Broadway is struggling through a postpandemic funk, squeezed between higher production costs and lower audience numbers just as a bevy of new shows set sail into those fierce headwinds. At the same time, New York’s Off Broadway nonprofits, long essential seedbeds for many of the nation’s most acclaimed playwrights, are shedding staff, programming and even real estate.
But there is an unexpected bright spot this season. Commercial Off Broadway, a small sector of New York’s theatrical economy and one that has for years been somewhere between difficult and dormant, is back in business.

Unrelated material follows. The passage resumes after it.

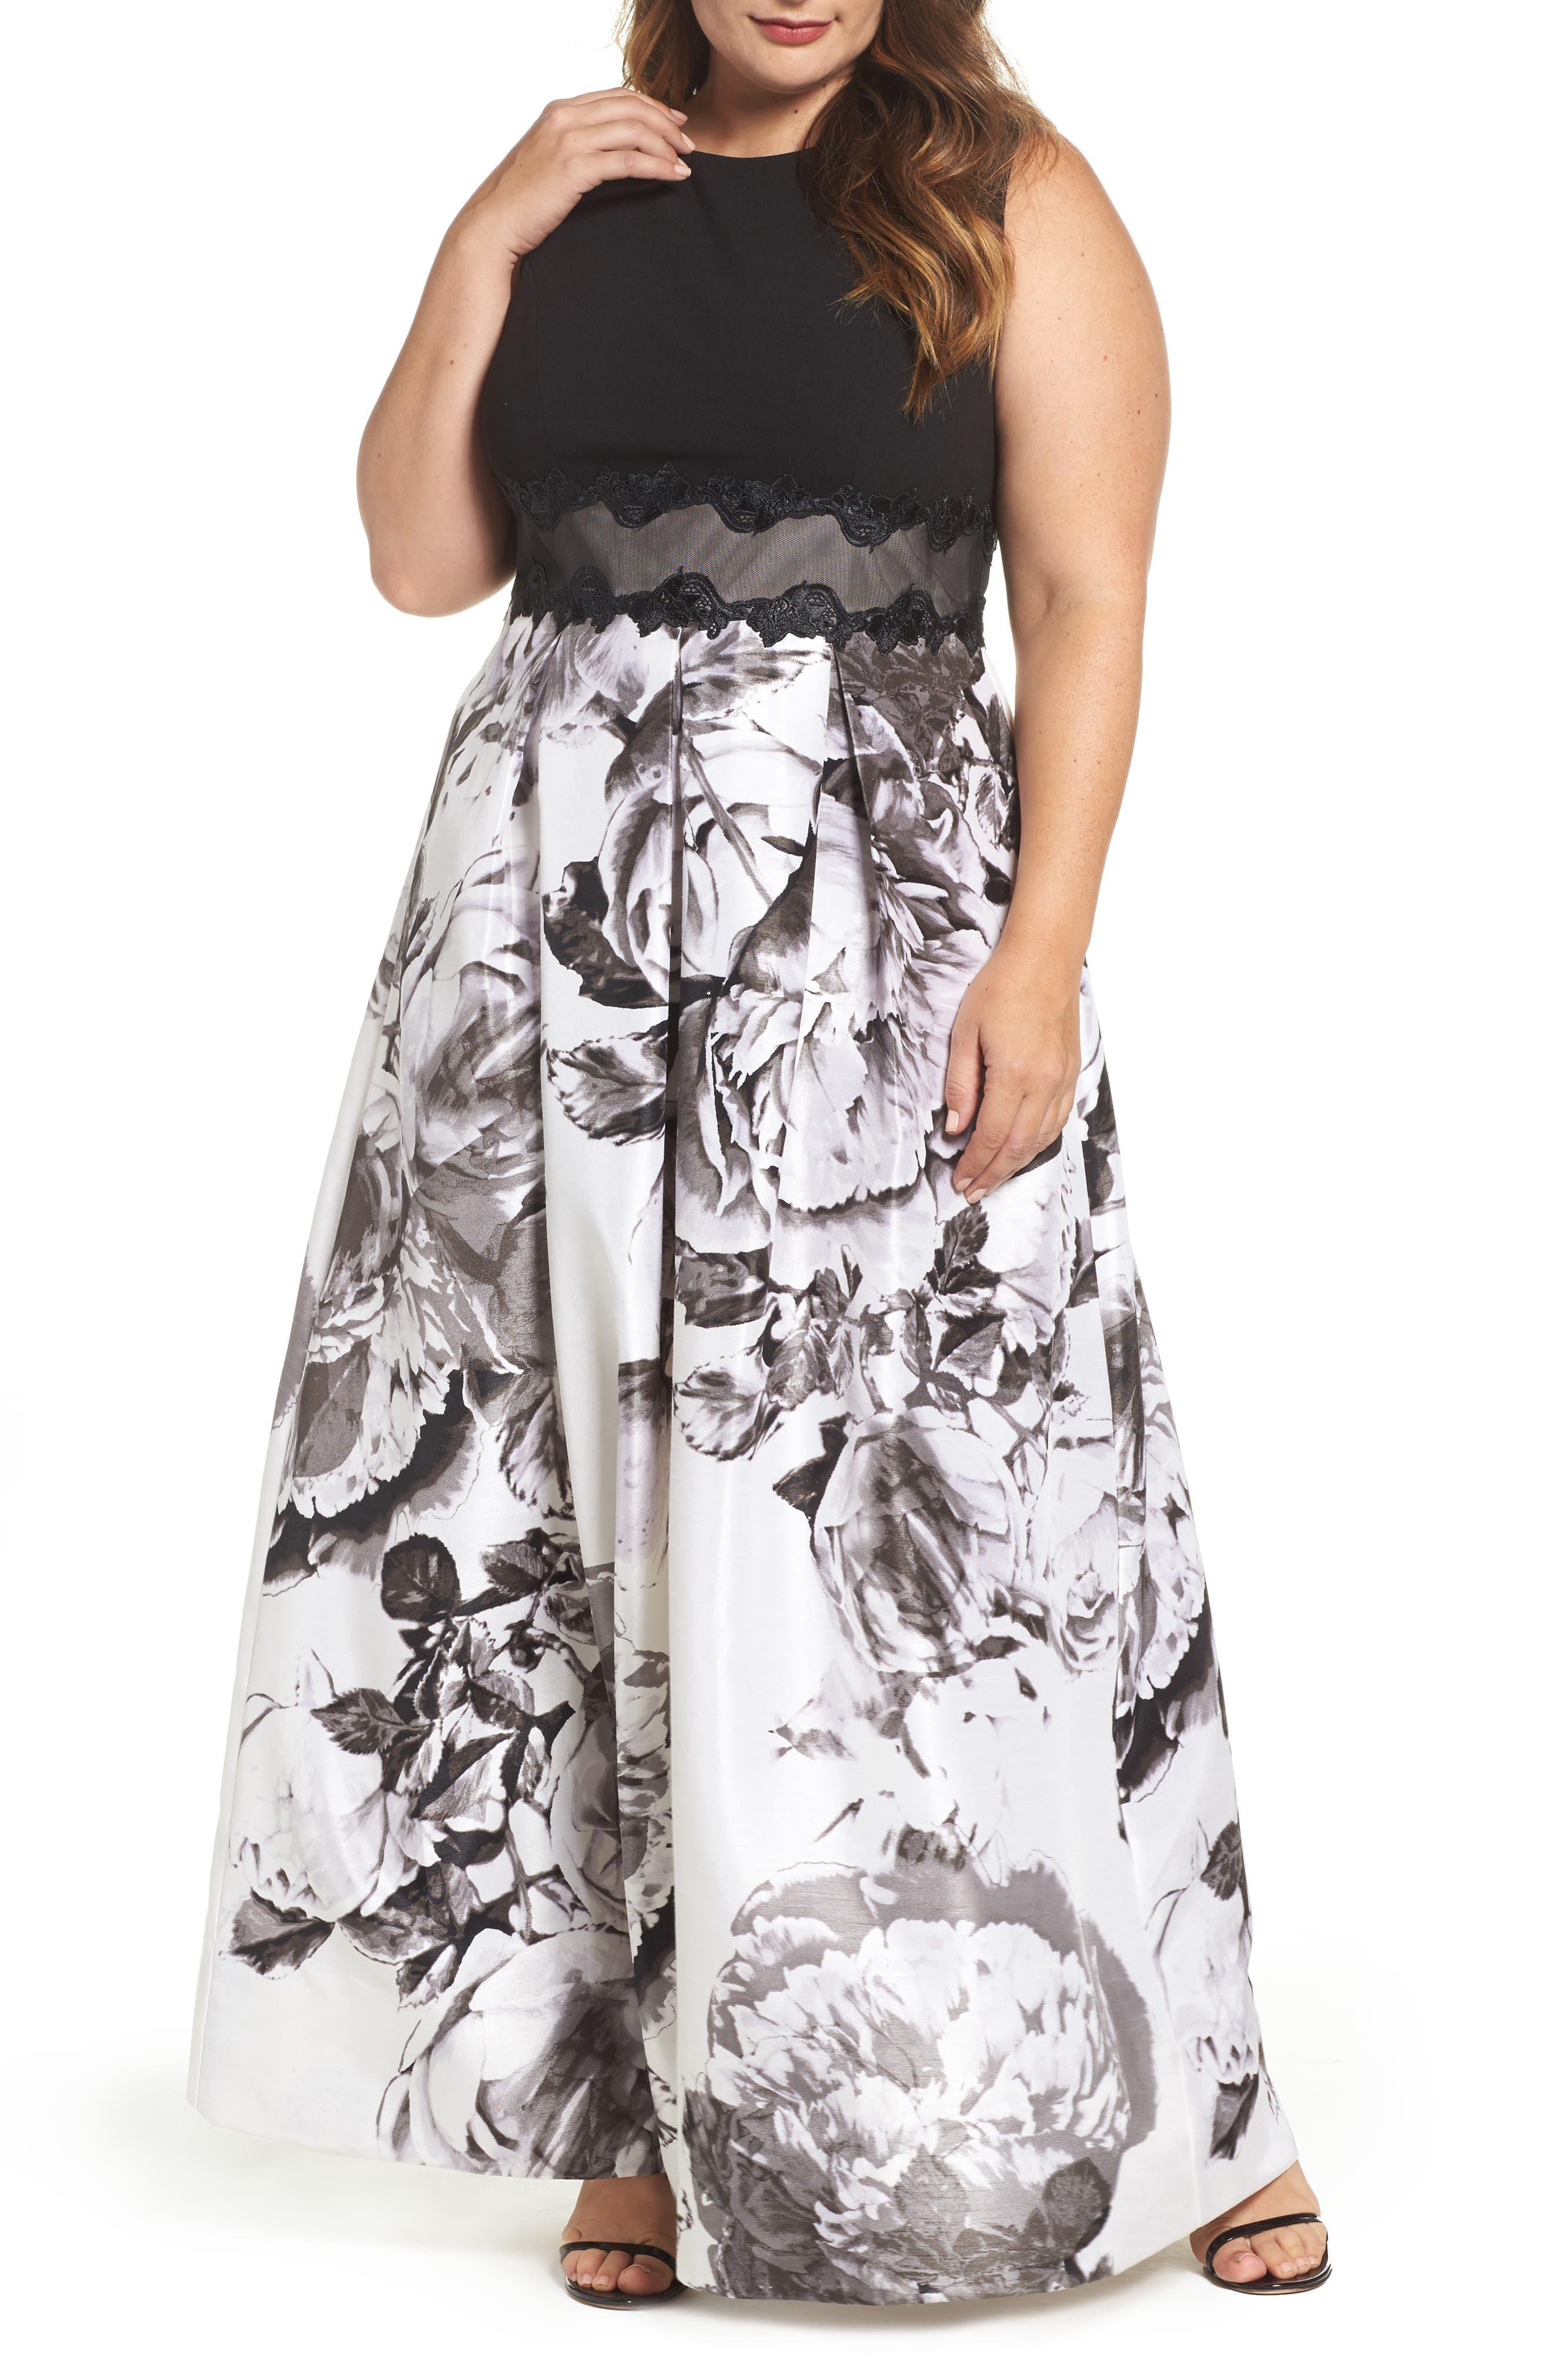 Alternate Image 1 Selected - Sangria Floral Print Ballgown (Plus Size)

“Oh, Mary!,” a madcap comedy that imagines Mary Todd Lincoln as a daffy alcoholic, is selling out nightly at a 295-seat theater in the West Village, and is likely to transfer to Broadway this summer. Eddie Izzard’s solo “Hamlet” did well enough at a 199-seat theater in Greenwich Village that it relocated to a 349-seat house in the East Village, and next is planning runs in Chicago and London.
A commercial revival of “Danny and the Deep Blue Sea,” an early John Patrick Shanley play about two misfits who meet at a Bronx bar, had a profitable run downtown this season thanks to its two stars, Aubrey Plaza and Christopher Abbott. A new play, “Job,” featuring two “Succession” alums, rode word-of-mouth to profitability, and is also exploring a Broadway transfer.
And a pair of good-time musicals, “Little Shop of Horrors” and “Titanique,” have settled in for open-ended Off Broadway runs.